His response is to disappear through the door with the alacrity of the white rabbit taking a shortcut. He meant me, didn’t he? There’s no other way to interpret that statement.
Startled pleasure warms my belly. I examine the feeling and then mentally shove it into my emotional waste disposal unit and press the button. Then I move around examining the photos.
I’m looking at a picture of children playing football on a dirt road when the door opens, and he appears with a large canvas padded bag.
After crossing to a wall where a load of canvases have been stacked, he starts rifling through them, occasionally stooping to take out some images and slide them into the bag.
I drift closer, as unable to stay away from him as ever. “How do you know which ones to pick?”
“Some are for the gallery, and some are for an exhibition next year in London.” He rolls his eyes. “A retrospective exhibition of my past work.”
“Oh, dear. Hope they don’t ask me to star.” He snorts, and I look at the pictures he’s holding. “Are they ones you don’t like anymore?”
He smiles, puts the pictures in the bag, and then carries on flicking through the pile. “I’m not attached to any of them,” he finally says.
“Really?”
He looks up, startled, and I gesture at a picture of the Sound. He’s captured a moment during a storm when a ray of sunlight escaped the clouds and illuminated the water. It gleams golden where everything else in the picture is turbulent layers of darkness. “I’d definitely keep that.”
“Why?”
“It’s beautiful but threatening at the same time.”
He chuckles. “I can see why that would call to you.” He hands it to me, and I automatically grab it. “It’s yours.”
I blink. “Erm, no, I don’t think so.”
“Why? Don’t you like it after all? Was all that blarney?”
“I love it,” I say awkwardly. “But you can’t give me things, Reuben.”
“Why not? I gave you that hat.”
“This hat is awful, and you didn’t give it to me. Just shoved it on my head and grunted something about cold ears.”

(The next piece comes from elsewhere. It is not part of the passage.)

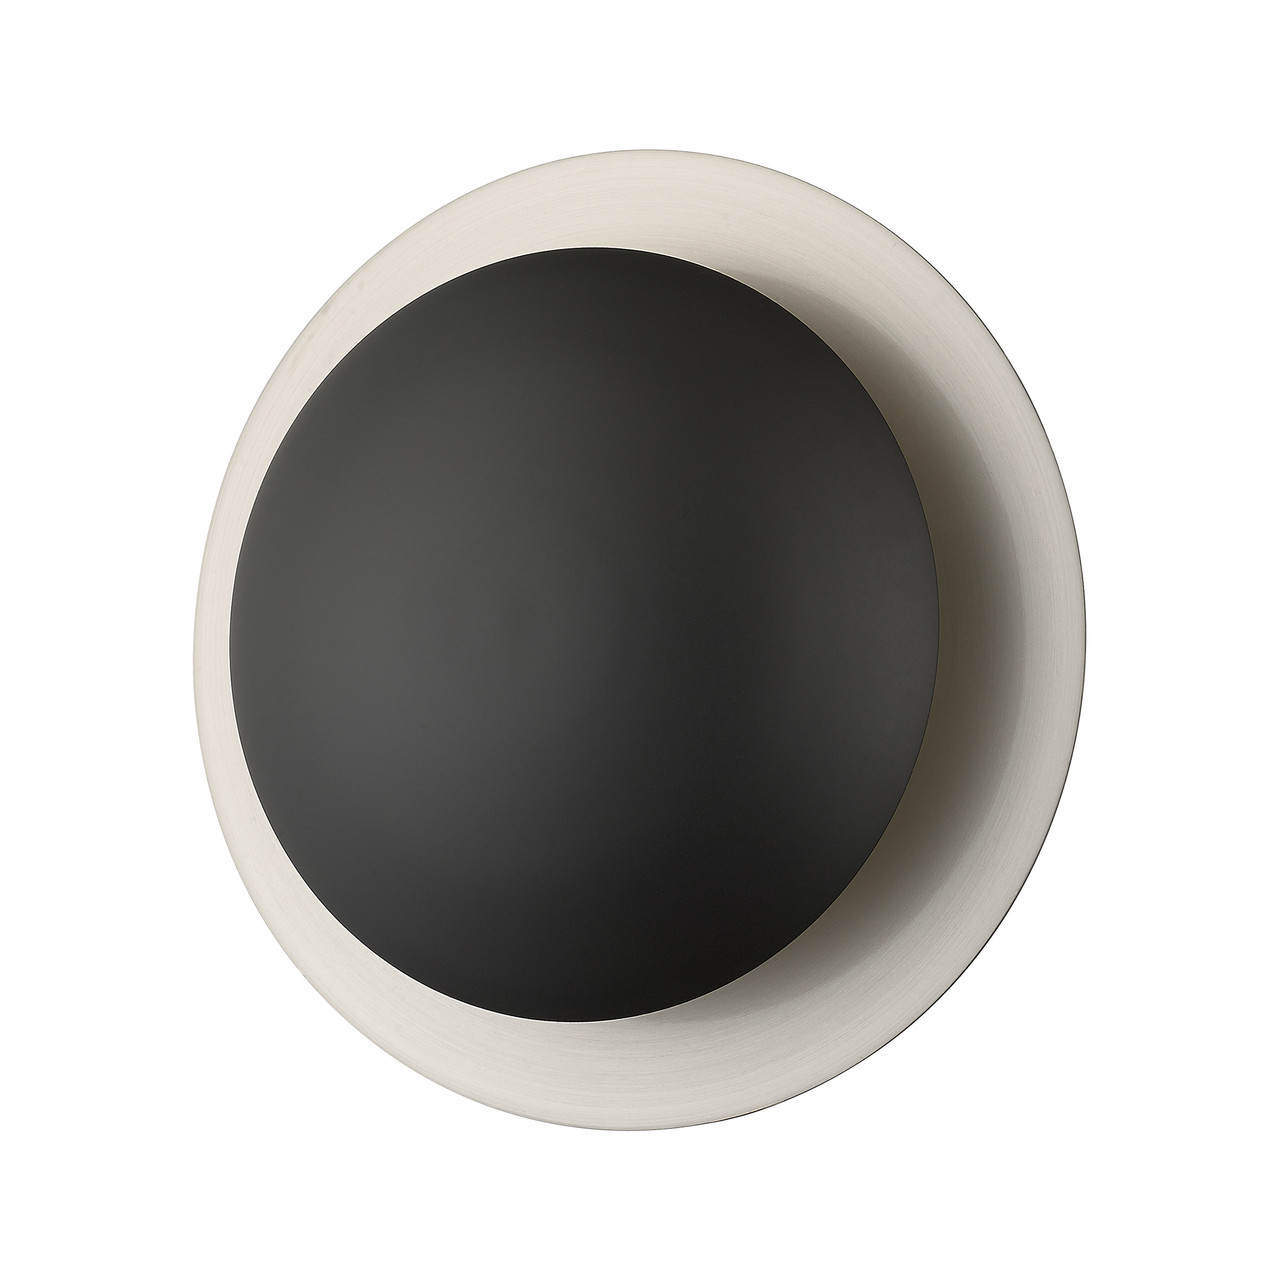 LIVEX LIGHTING 56571-04 2 Light Black Medium Semi-Flush/ Wall Sconce with Brushed Nickel Reflector Backplate

His mouth twitches. “Well, I’m giving you that picture.”
“Why?”
He shrugs awkwardly and looks down at the rack of pictures. “Because I like the idea of you having something of mine.”
I sigh. “Reuben.”
“Anyway, I don’t keep anything for long. You’re doing me a favour.”
I think about asking why but I don’t want to know the answer. Instead, I say lightly, “Well, I haven’t got a house to hang it in, so you’ll have to keep it for me a bit longer.”

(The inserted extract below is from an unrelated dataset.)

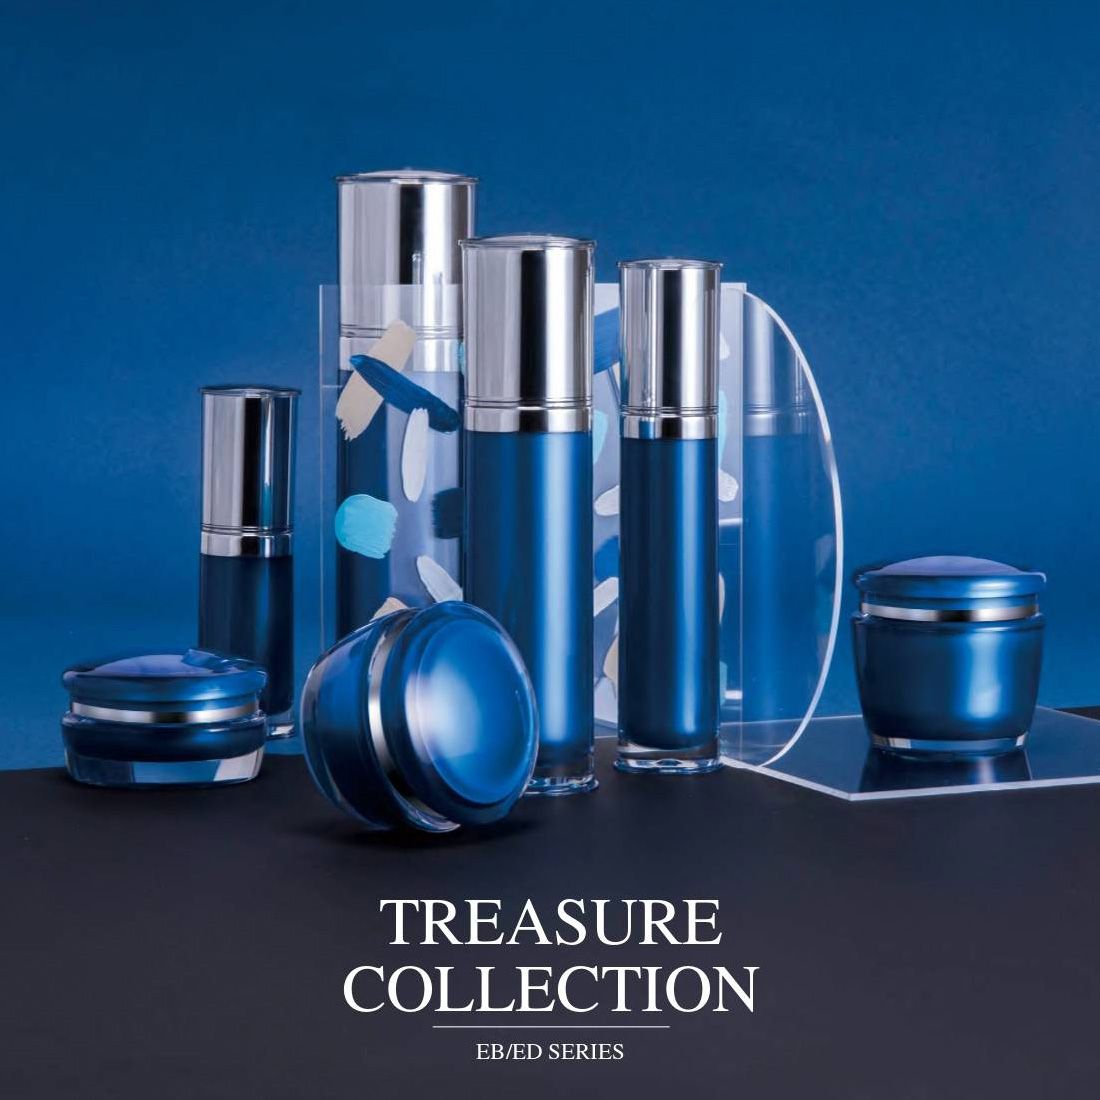 Treasure Collection (Luxus-Kosmetik- und Hautpflegeverpackungen aus Acryl) EB/ED-Serie

He stops and stares at me. “What?”
“A house. I haven’t got one.”
“You’re homeless?”
I snort. “Not quite as dramatic as that. I stay in hotels or short-term rental flats. I’ve just never found anywhere I want to stay permanently. Everywhere gets boring after a while. I like moving around.”
He’s silent for a few seconds. “Well—” He stops to clear his throat. “I hope you finally find your stopping place at some point.”
“Maybe I never will,” I say airily. “It’s not a bad existence, is it?”
“I’d have said that a few years ago, but not anymore.”
“Now you have this place?”
He nods. “It’s home.”
There’s a deep peace in his voice that I’ve never heard before.
I stare at him for a second and then move jerkily away, pretending to look at the artwork.
Now I know what bothers me about the cottage.
It’s his home. It’s where he’s finally chosen to be, and it’s not with me.
A pang of ridiculous grief hits me. It’s like he finally grew up and left me behind.
I have no place in his life now except maybe as a small footnote when once I’d thought I’d be a main chapter.
It’s the way it should be, I remind myself.
It’s the way I thought I wanted it, so the grief startles me.
“Xavier.”
I startle when I realise he’s said my name a few times. “Yes?”
“Look at me.”
I turn reluctantly from my blind study of the pictures. “What?”
“There will always be a place here for you.”
“What are you talking about?”
His face is grave and still, but his eyes are turbulent.
“I made a home here, but there is a place for you too. It’s always been here.
It’s a gap, an empty seat at the table that will never be filled unless it’s by you.
It’s just waiting for you to turn up, unpack and stay, and that will never change. ”
I swallow hard. “But that’s ridiculous,” I whisper. “We were never anything that—”
“We were always something,” he says firmly. “Always.”